Ha empezado la precampaña electoral, aunque falten meses para las primeras elecciones a la vista. Propiamente hablando, hay políticos que están en campaña desde que entraron en la órbita mediática como líderes relevantes.
QUÉ LIDERA FEIJÓO
El ejemplo perfecto es Núñez Feijóo, candidato a la presidencia del Gobierno después de acceder a dirigir el conservadurismo del PP en abril de 2022, momento desde el que pasó a defender que el jefe actual de la Moncloa vendría a ser un fraude desde que, para censurar a Rajoy, se alió con otros grupos de su izquierda. El expresidente de Galicia, sin embargo, no tiene el tono centrado, moderado y dialogante que aparenta, sino el bronco de Casado; es frecuente, además, que lo que pretende expresar nada tenga que ver con su verdadero pensamiento y resulta postizo. Ni siquiera la gestión que con sus mayorías parlamentarias llevó a cabo en la Comunidad gallega le da un respaldo fiable; son muchos los que se han quedado aliviados con que le hubieran destinado a Madrid, casi los mismos que se echarían las manos a la cabeza si lograra sacar adelante su liderazgo en el conservadurismo dañado en la etapa de Rajoy.
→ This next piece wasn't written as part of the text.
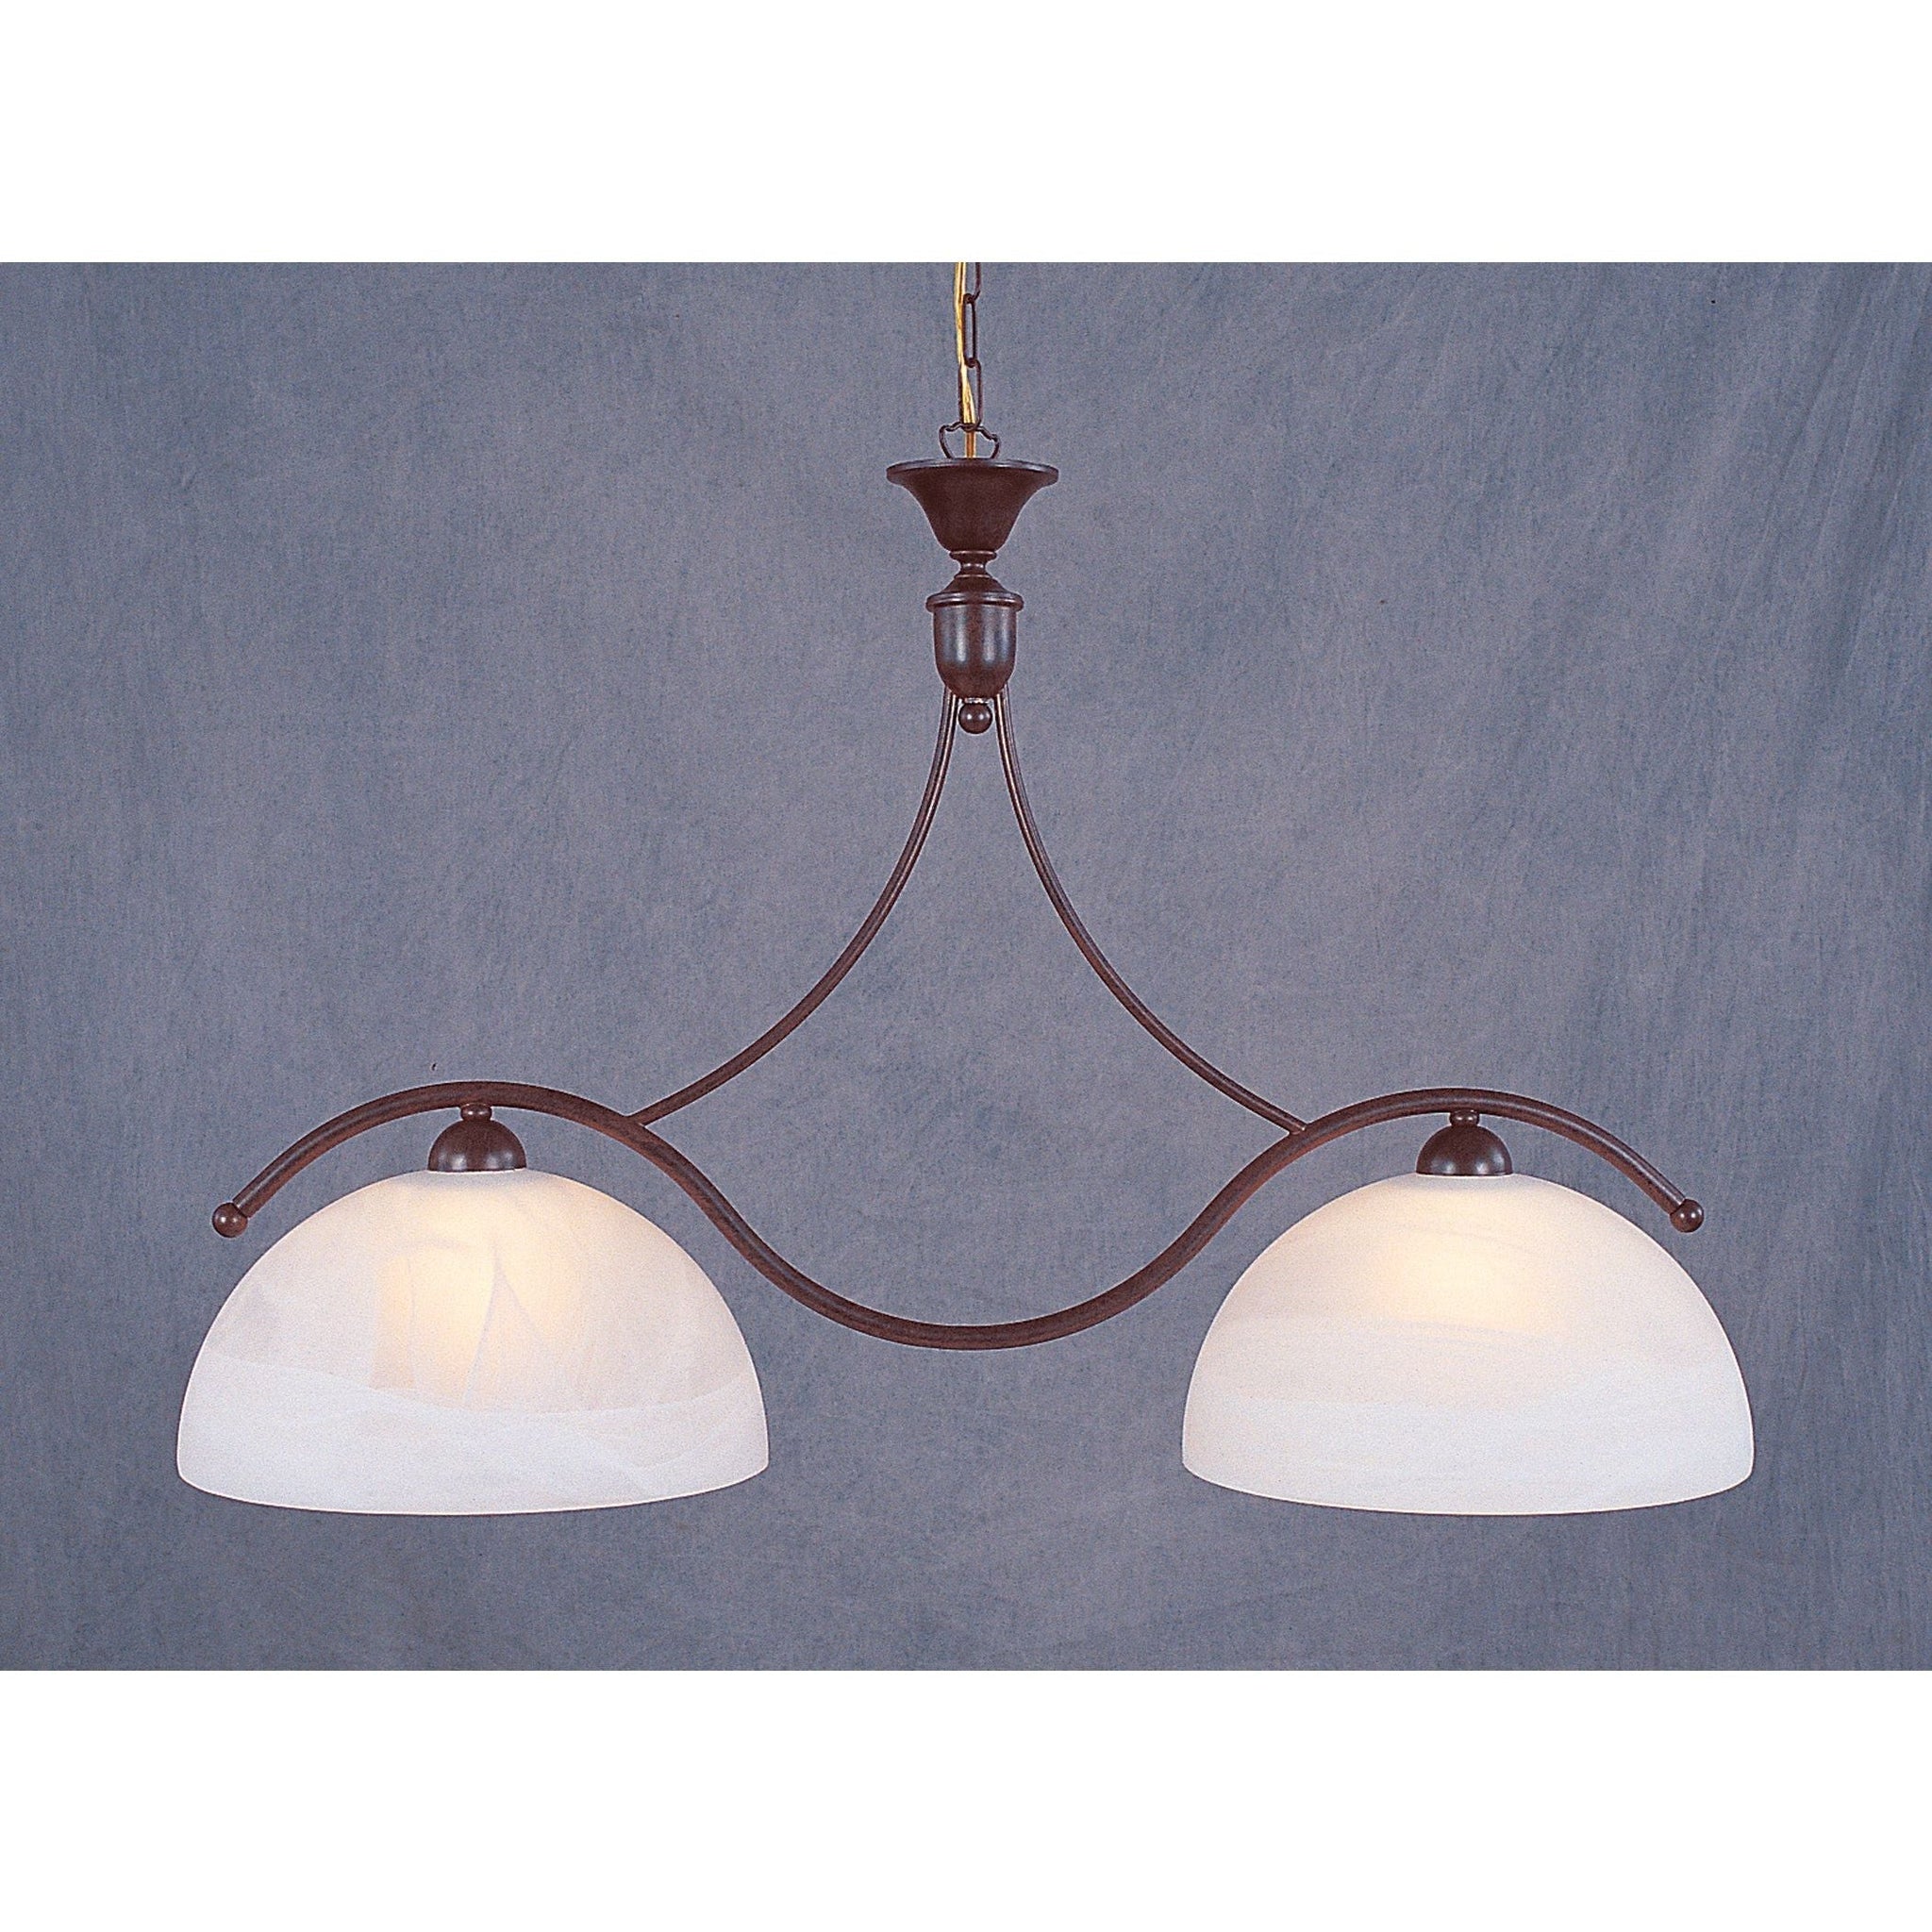 European Crafted 2-Light Linear Chandelier

Desde que el Senado le facilita visibilizar su oposición al Gobierno actual, sus argumentos, palabras y gestos son preocupantes. Más allá de los clásicos recursos sofistas, que quienes le escriben los papeles parecen conocer bien, lo que realmente propone no aporta optimismo democrático. De manera aparentemente nueva en la terminología, reproduce las viejas ideas del conservadurismo, en que lo que importa es conservar lo que tienen las gentes que él representa: el poder real sobre los medios de producción y consumo, sin que nadie lo erosione. Cuando habla de medidas económicas, su recurso sigue siendo el ahorro individual, igual que en el siglo XIX, cuando para solucionar la pobreza que generaba una explotación feroz de los asalariados, culpaban a estos. Lo cuenta en 1890 Armando Palacio Valdés, en La Espuma; reflejando la posición de la España de la Restauración en cuestiones sociales, un aristócrata, dueño de unas minas, lo expresa ante una visita. Al interesarse esta por la pobreza que observa en sus trabajadores, el aristócrata dice que no ahorran y por eso acusan miseria, pero la persona que ha preguntado replica: ¿Cómo quiere usted que ahorren si lo que les paga no les alcanza para comer?
LA DEMOCRACIA CENSITARIA
En esa dinámica, las fórmulas de Feijóo y los suyos remiten a un planteamiento del pasado en que quienes se sentían en ascenso social planteaban un tipo de convivencia política de varios niveles de derechos, desigualdad que se traducía en la modalidad de participación indirecta o voto censitario. En el proceso de sustitución del Antiguo Régimen, por uno de signo liberal y representación popular, la fórmula se ejercitó primero en 1810 y, muy pronto, en la Constitución de Cádiz, donde el derecho a ser elegido diputado era de quienes tuvieran una renta anual proporcionada, procedente de bienes propios (art. 92). Larvadamente, se trataba de aligerar así el gasto público del Estado. El principio censitario no se aplicó, y menos con Fernando VII, en que el absolutismo regresó en 1814 para durar casi treinta años. Fue en el reinado de Isabel II cuando el derecho de voto quedó restringido -prácticamente hasta 1868 y de 1877 a 1890- a quienes tuvieran riqueza y capacidad. En su principal antecedente, el Estatuto Real de 1834, la Cámara Alta o Estamento de Próceres estaba formada por miembros natos y hereditarios de los Grandes de España, mayores de edad con 25 años, plenos derechos y renta anual de 200.000 reales; se les añadían los de libre designación real: nobles y altas dignidades del clero, la política, la propiedad o la ciencia, con 80.000 reales de renta. Los miembros de la otra Cámara, o Estamento de Procuradores del Reino -los propiamente elegidos- debían tener 30 años, ser españoles e hijo de españoles, de la provincia donde eran elegidos y dos años de residencia en ella, y tener renta de 12.000 reales anuales.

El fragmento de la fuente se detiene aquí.